March 21, 2006 9:02 AM   Subscribe

Help me recover background conversation from this stereo live recording.

I have a live recording—here (mp3, ~5M)—that has conversation in the background, mostly on the left side of the stereo field.

The recording is from a DV cam with builtin stereo mic heads. Sound quality is kind of sketchy to begin with.

So how can I best isolate the conversation? I don't need to erase the music so much as make the conversation clearer and more distinct.

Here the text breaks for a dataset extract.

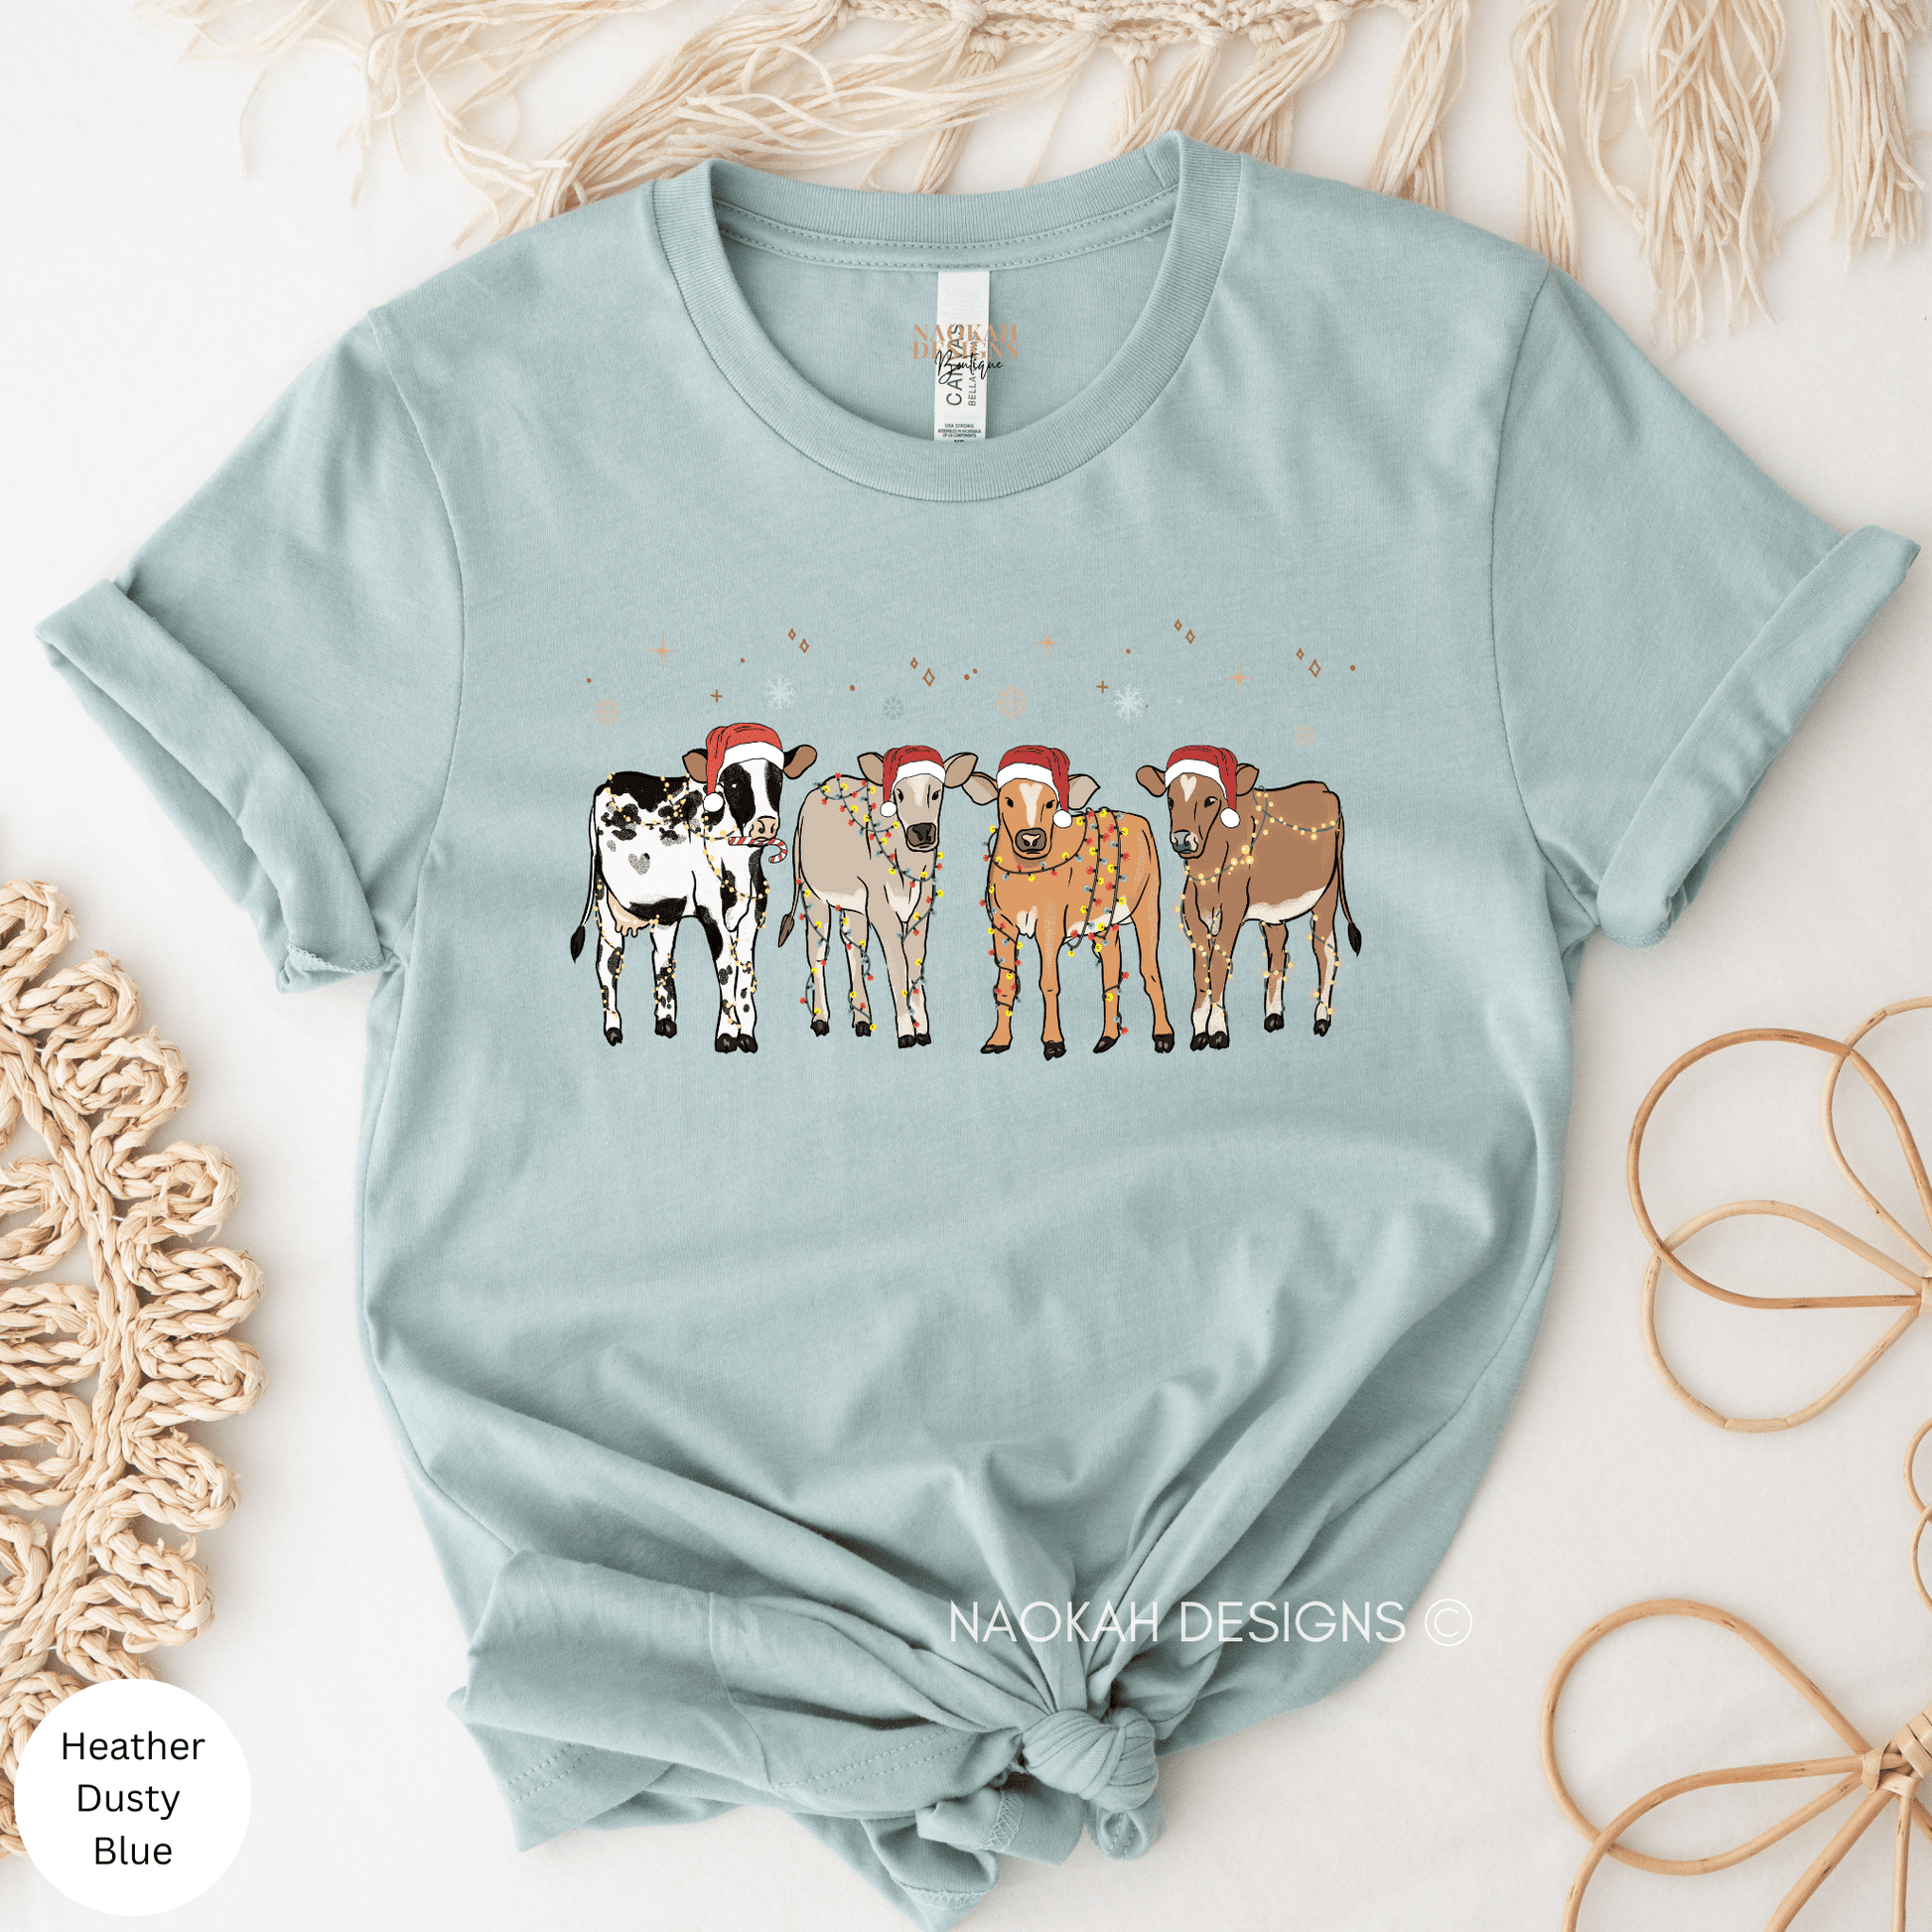 Christmas Cow Shirt, Christmas Animal Shirt, Funny Cow Shirt, Cow Christmas Gift, Cute Christmas Shirt, Farm Christmas Shirt, Highland Cow

I have access to decent consumer sound tools (using Audition as my base of operations these days). I can, in theory, do various sorts of filtering. My question is techniques. How do I do this?
posted by cortex to Technology (18 answers total)
 
This (PDF) chapter on noise reduction from the Adobe Audition Classroom in a book might help.
posted by jeremias at 10:00 AM on March 21, 2006


This might just be an aside, but I was playing a show with a band of mine in Halifax, and was talking between songs. People were, generally, listening, but I stopped for a second and heard this girl in the back of the bar go, "And then it bursted out and went BANG! SPLAT! All over the wall." I wasn't able to speak again for a good fifteen seconds, and I think I might have been the only one to hear it.

As luck might have it, we recorded that show from the soundboard, so her conversation was there very faintly. We just ran it through some noise-filtering algorithms in some sound edition software and boosted the suspected EQ band until we could hear it.

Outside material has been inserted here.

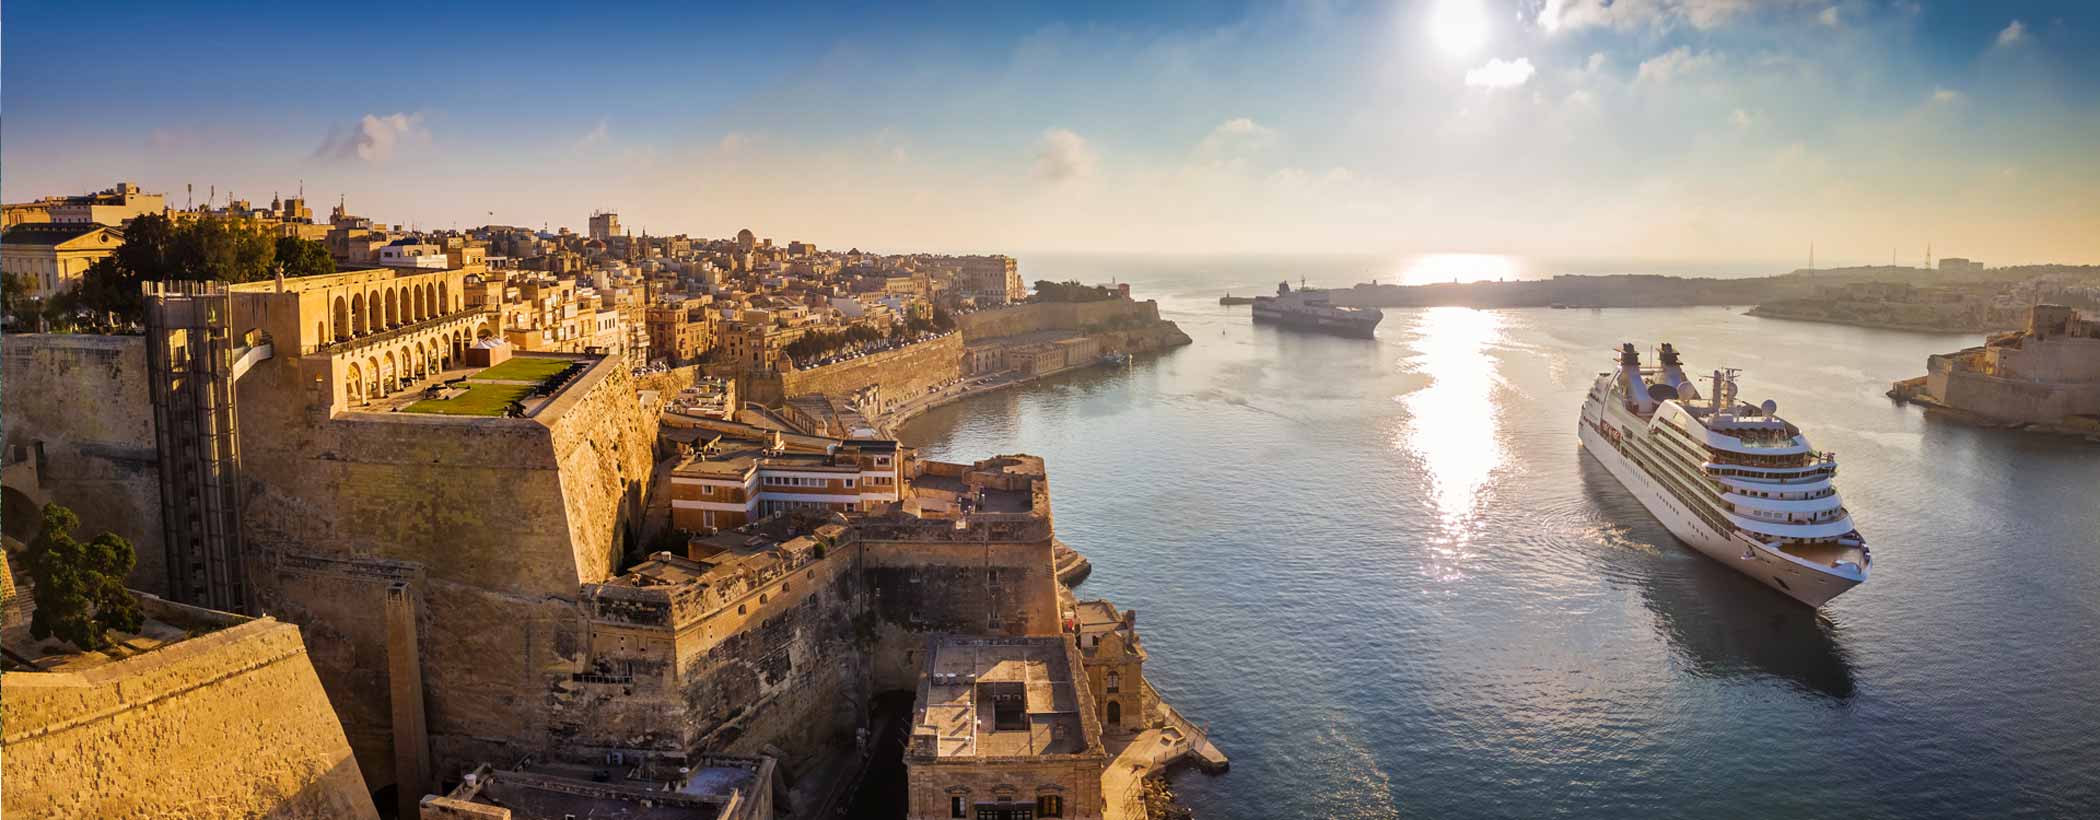 Städtereise Malta

I won the bet: I wasn't crazy.
posted by jon_kill at 10:04 AM on March 21, 2006 [1 favorite]


Response by poster: Heh. That is, if an aside, one very much in tune with the spirit of this request. Most of the barely-audible conversation is about the question of the cops who have appeared at the house where we were playing.
posted by cortex at 10:09 AM on March 21, 2006


No specifics but just general ideas.
Could you not take the right channel invert it and then diff/subtract from the left channel. The difference would be the talking ?
Then run the filters to clean up.
Sounds reasonable
posted by stuartmm at 10:17 AM on March 21, 2006


Totally unreasonable, sadly stuartmm, as the left and right soundfields on a stereo file don't contain the same information to cancel each other out. The technique you suggest is often proferred as a way of getting an "a capella" version of song for remixing, but won't work for that either for the same reason...
posted by benzo8 at 11:00 AM on March 21, 2006


Response by poster: Exaclty, benzo8. The idea is good, stuartmm, but the bleed between the two mic sources is very complicated.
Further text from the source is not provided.